Reproduce all the records word for word. Omit images.

Data:
◆ ◆ ◆ ◆ ◆
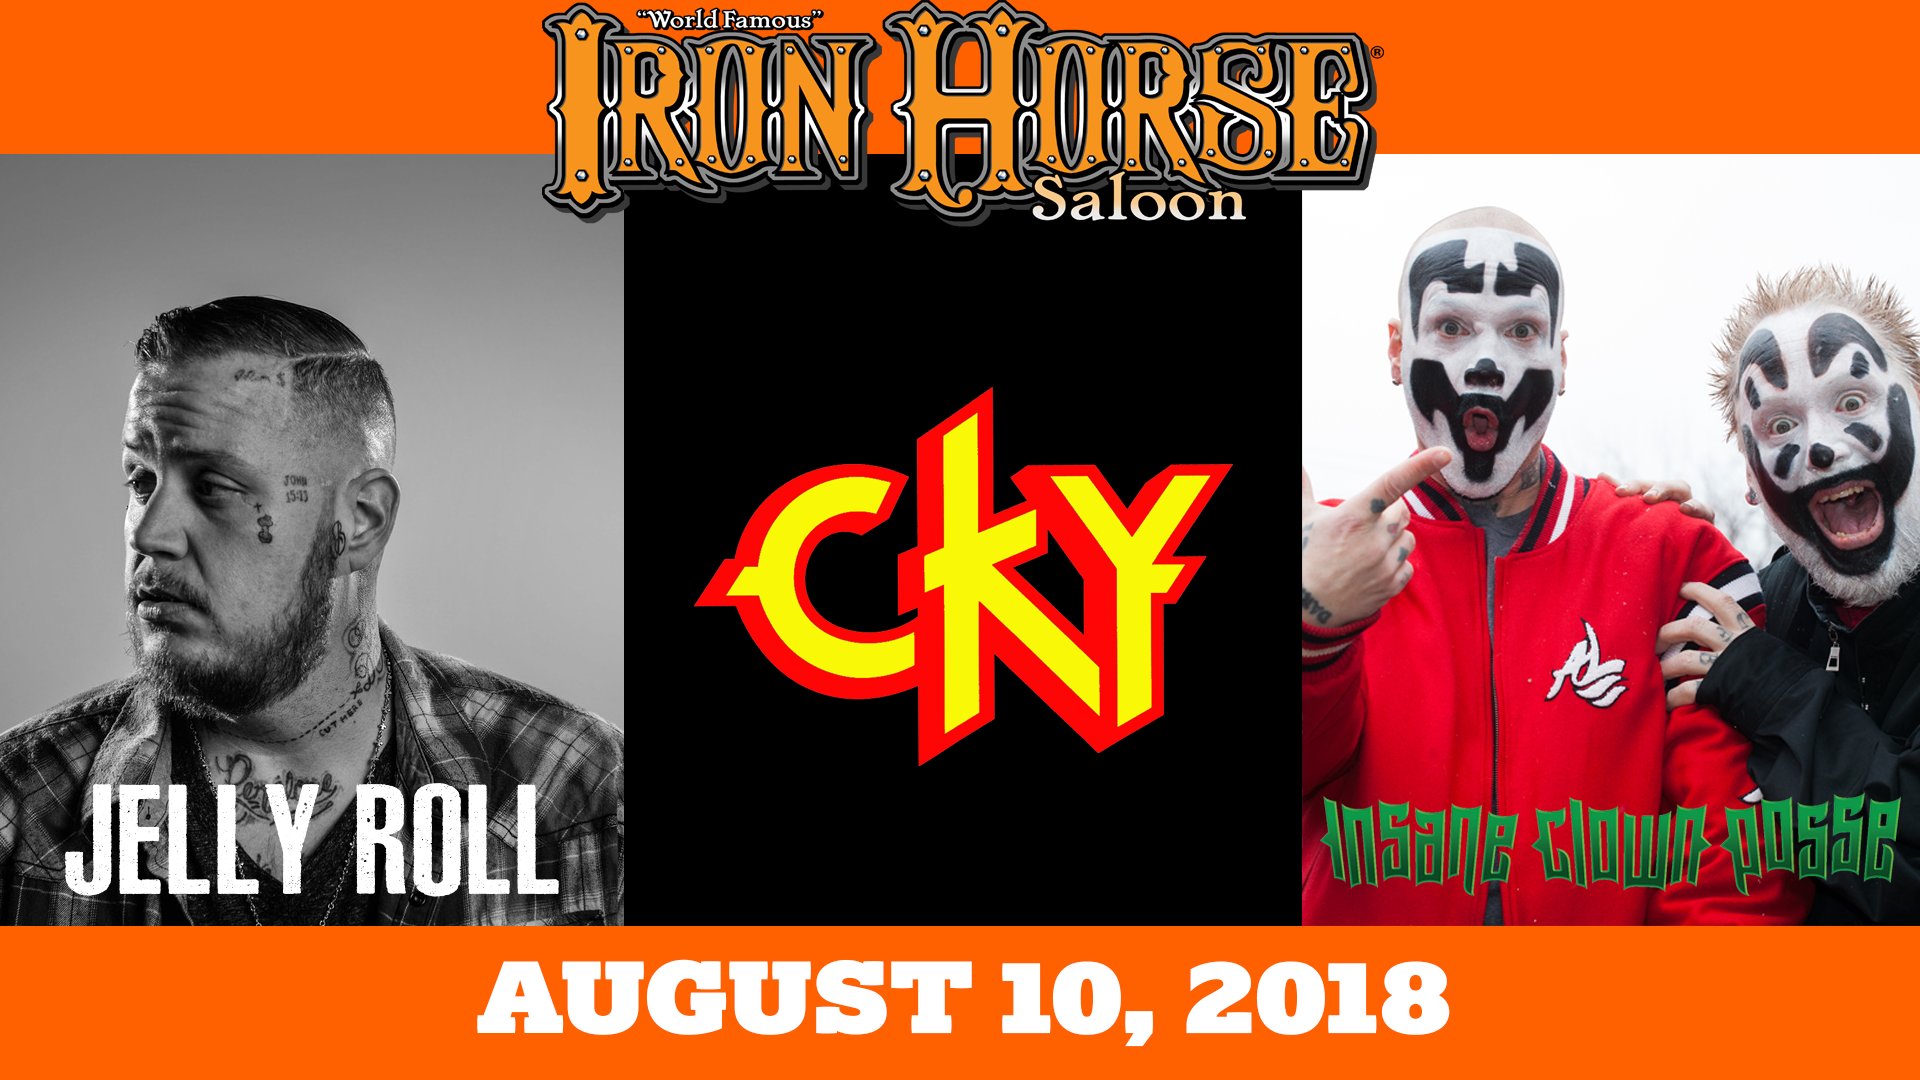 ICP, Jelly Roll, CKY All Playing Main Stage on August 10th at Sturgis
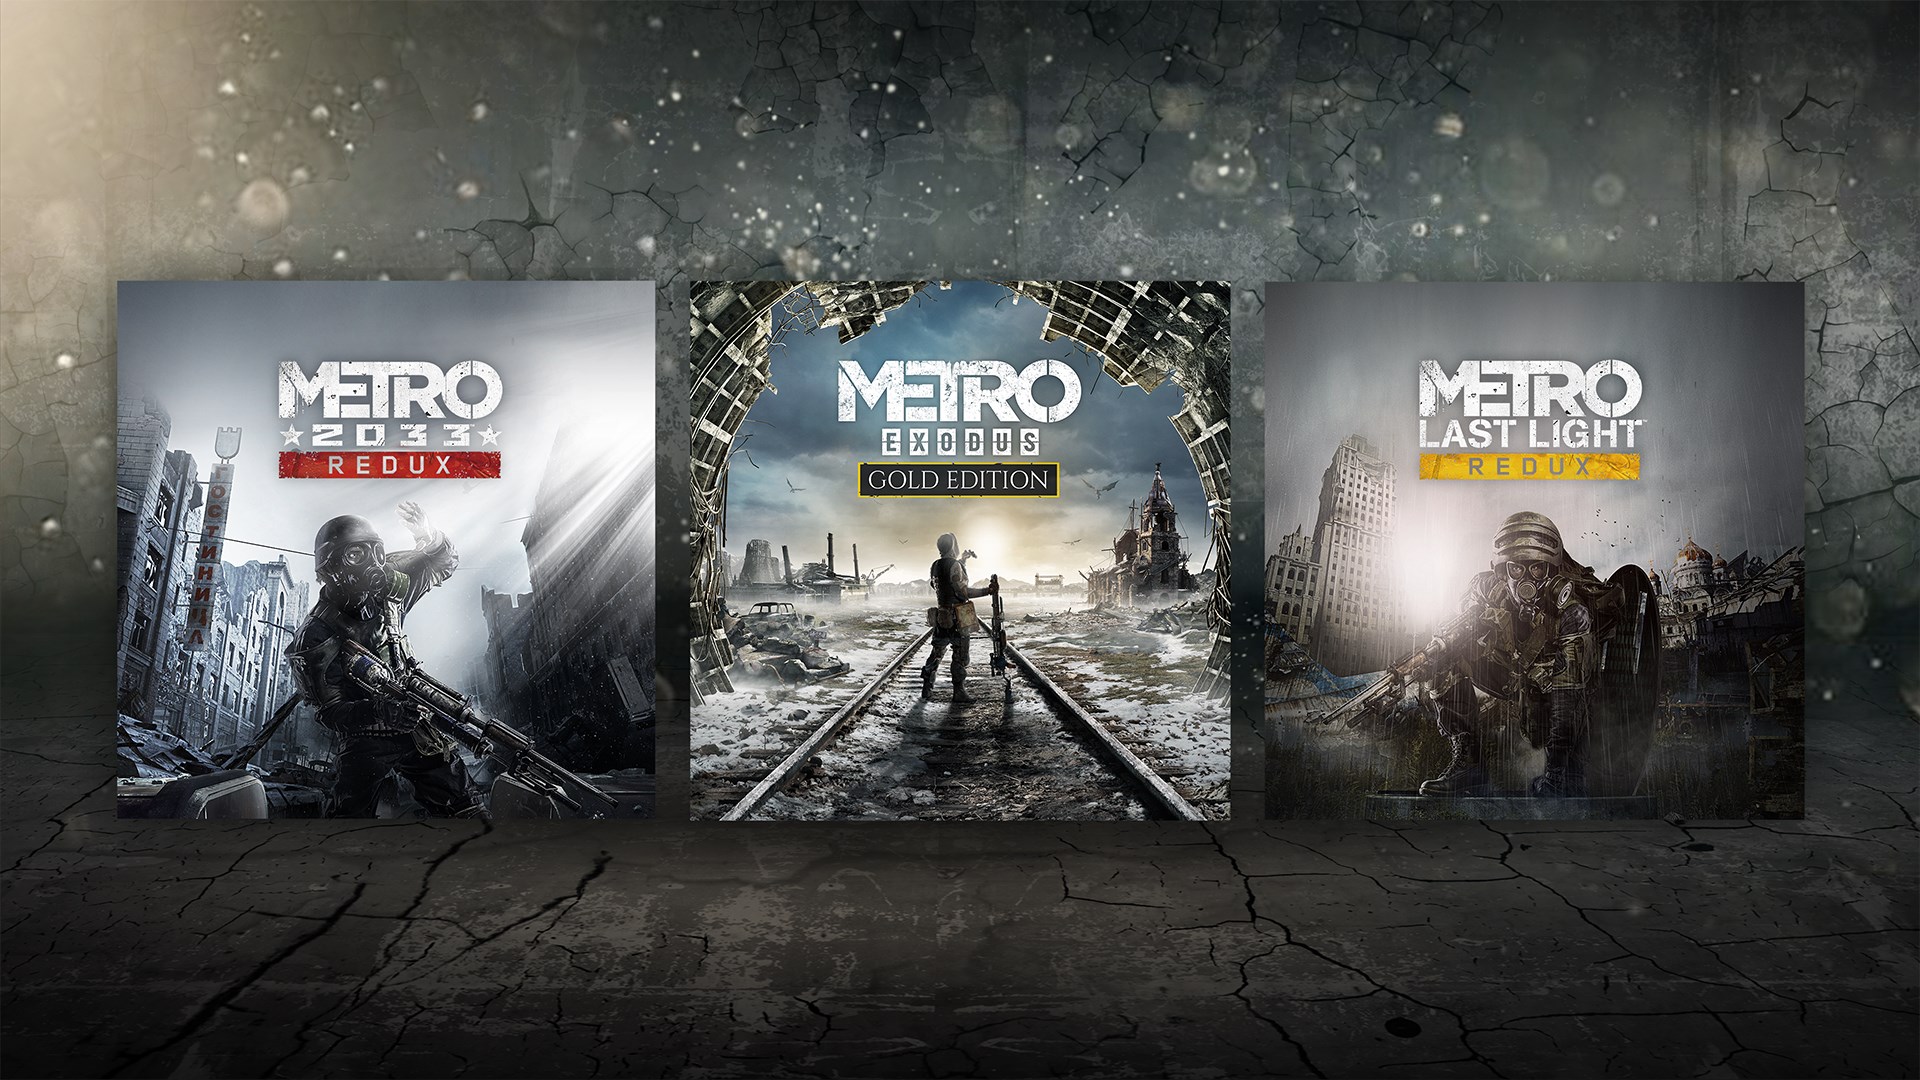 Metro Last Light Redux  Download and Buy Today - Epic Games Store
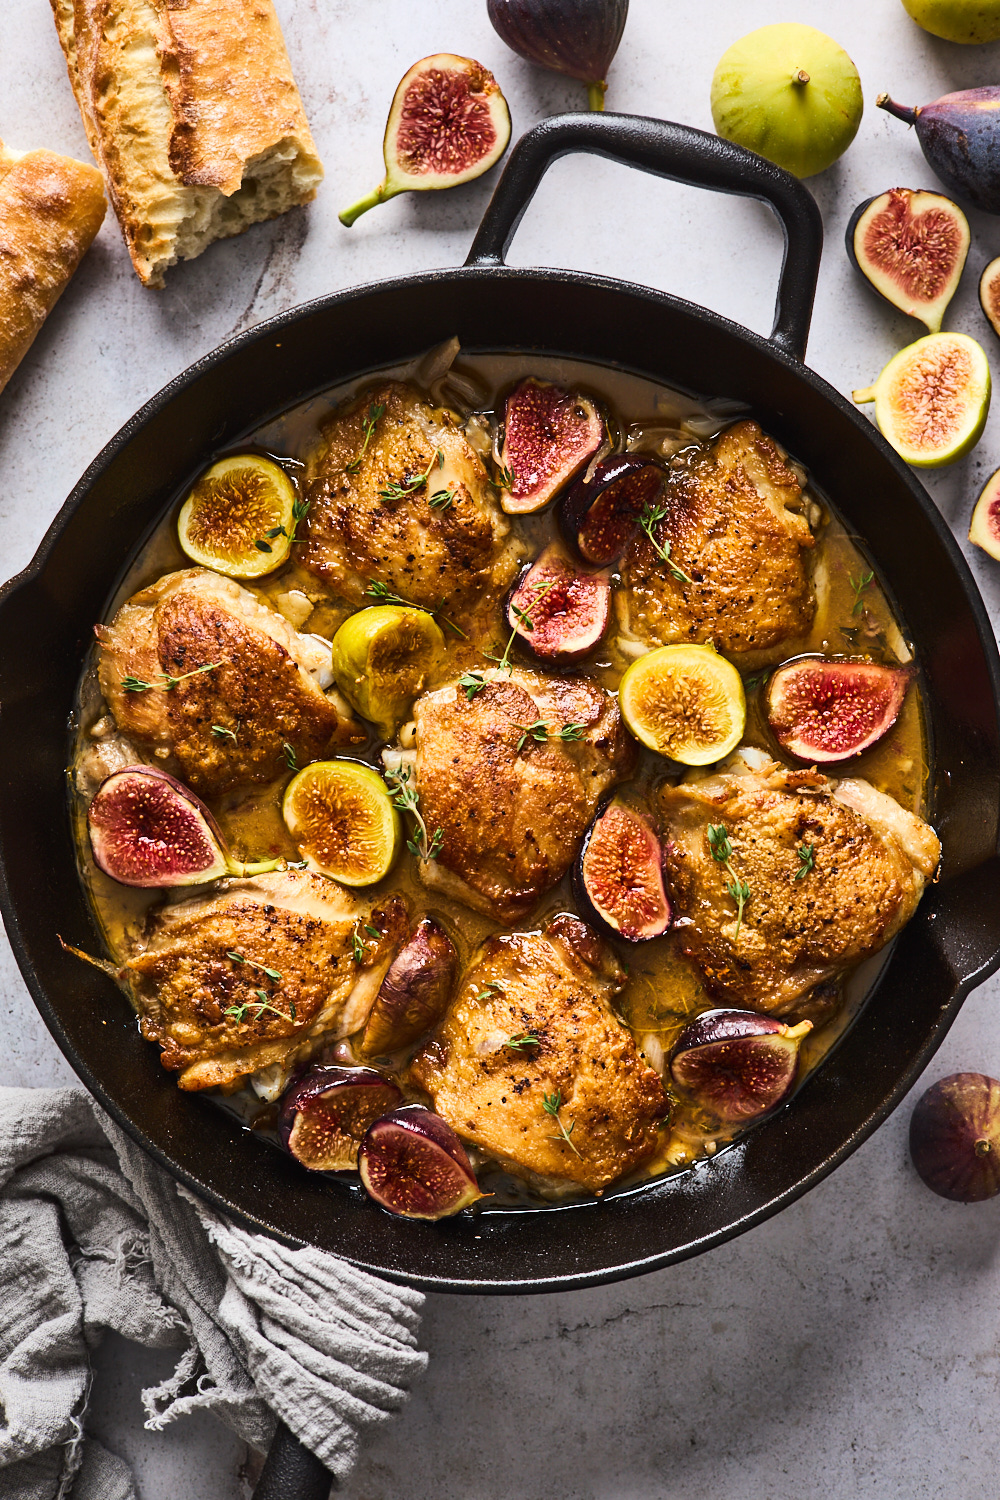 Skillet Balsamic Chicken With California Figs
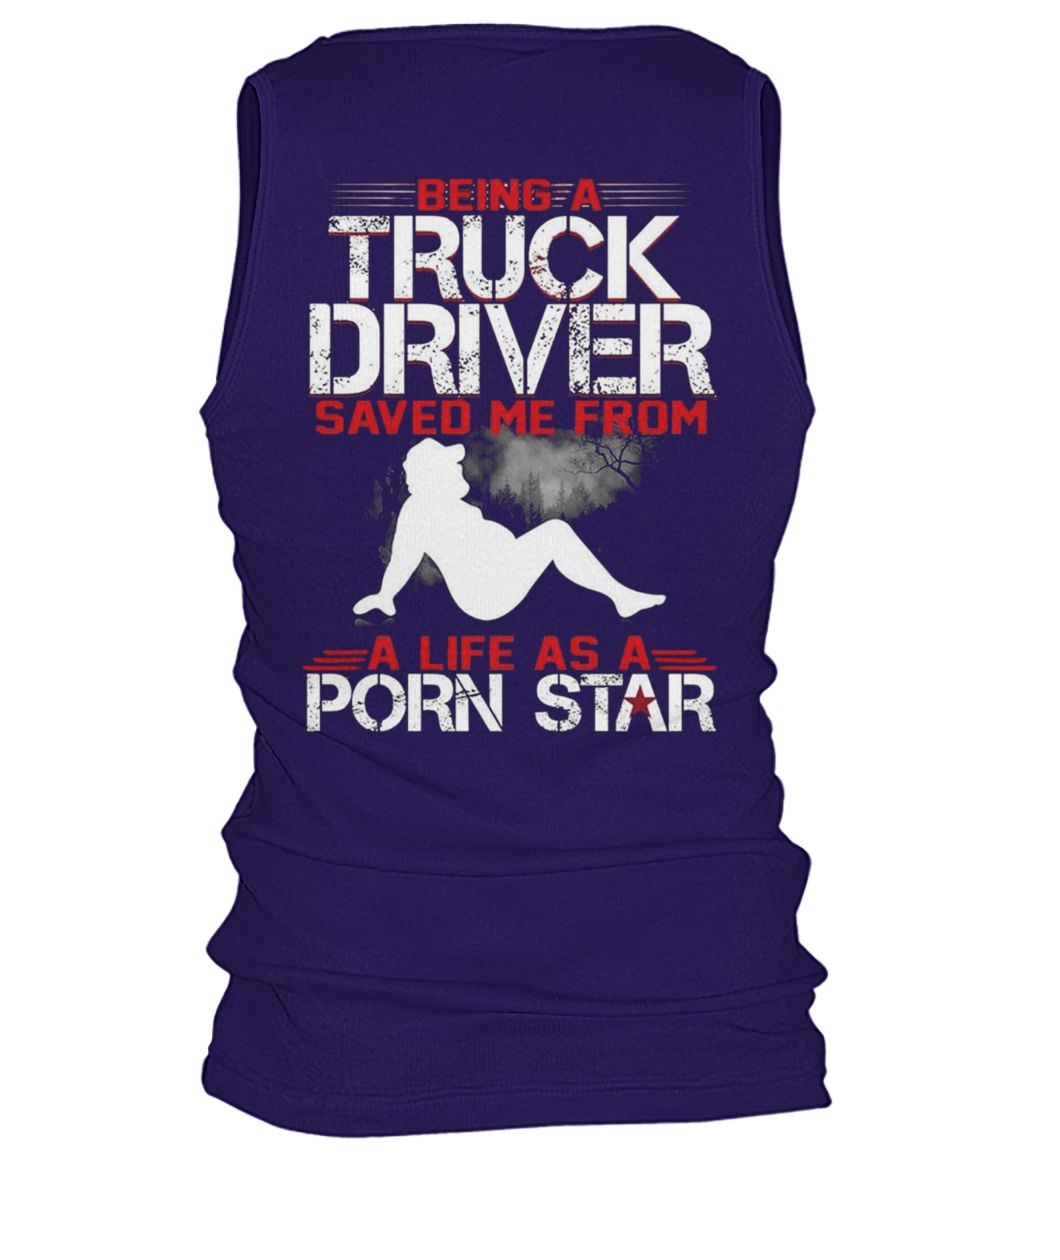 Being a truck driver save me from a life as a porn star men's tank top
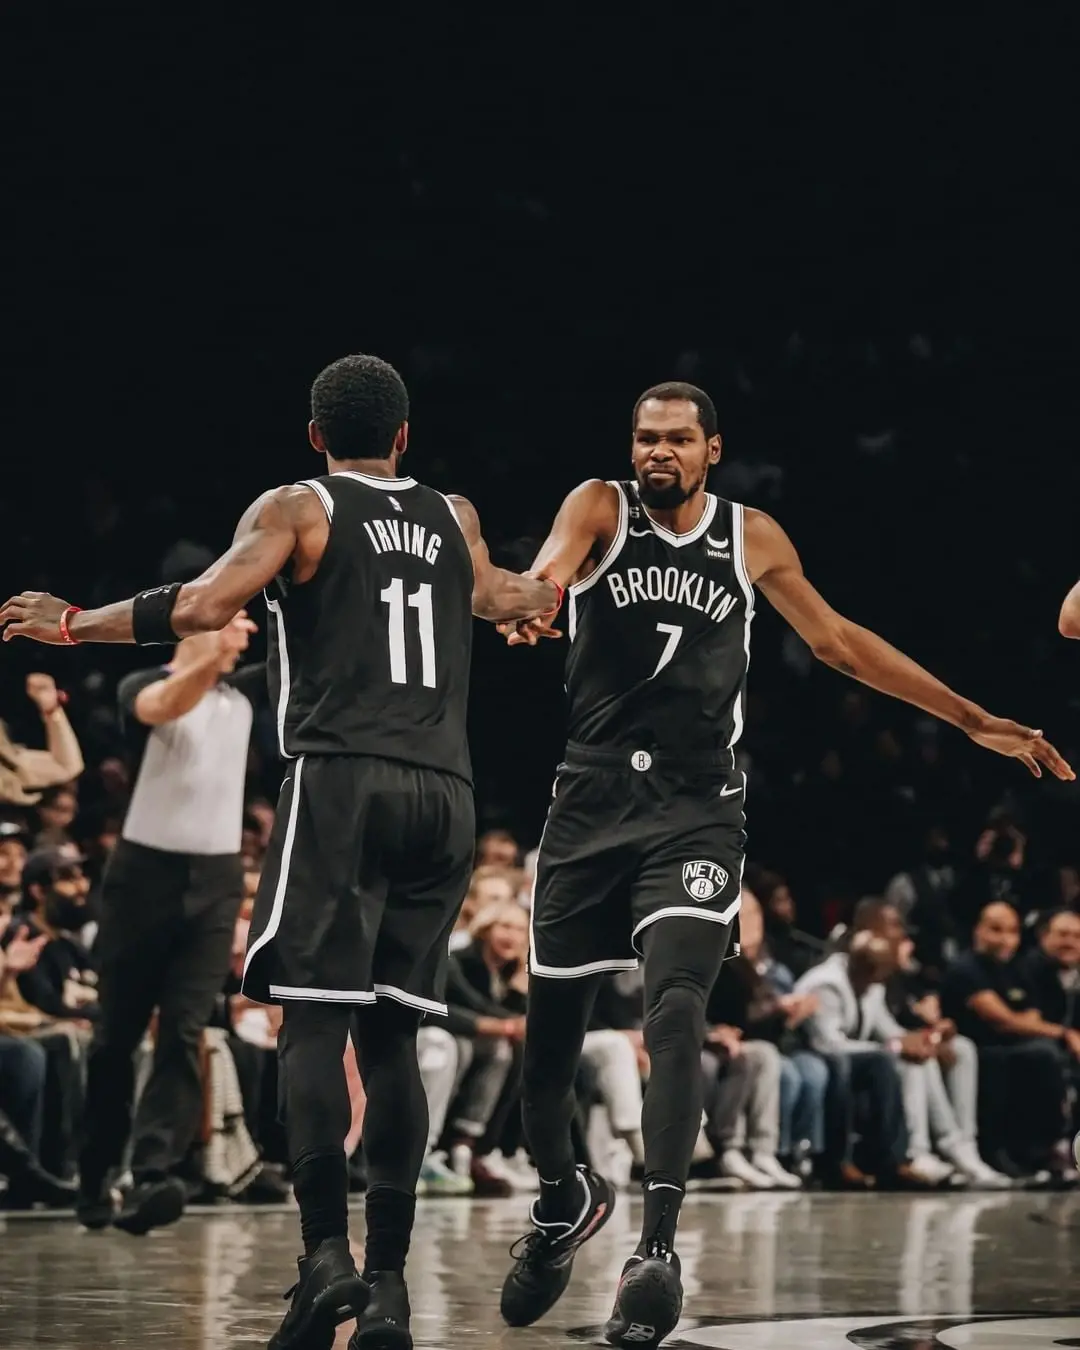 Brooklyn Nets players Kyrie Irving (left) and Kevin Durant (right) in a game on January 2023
◆ ◆ ◆ ◆ ◆
Solution to this task:
 ICP, Jelly Roll, CKY All Playing Main Stage on August 10th at Sturgis
 Metro Last Light Redux  Download and Buy Today - Epic Games Store
 Skillet Balsamic Chicken With California Figs
 Being a truck driver save me from a life as a porn star men's tank top
 Brooklyn Nets players Kyrie Irving (left) and Kevin Durant (right) in a game on January 2023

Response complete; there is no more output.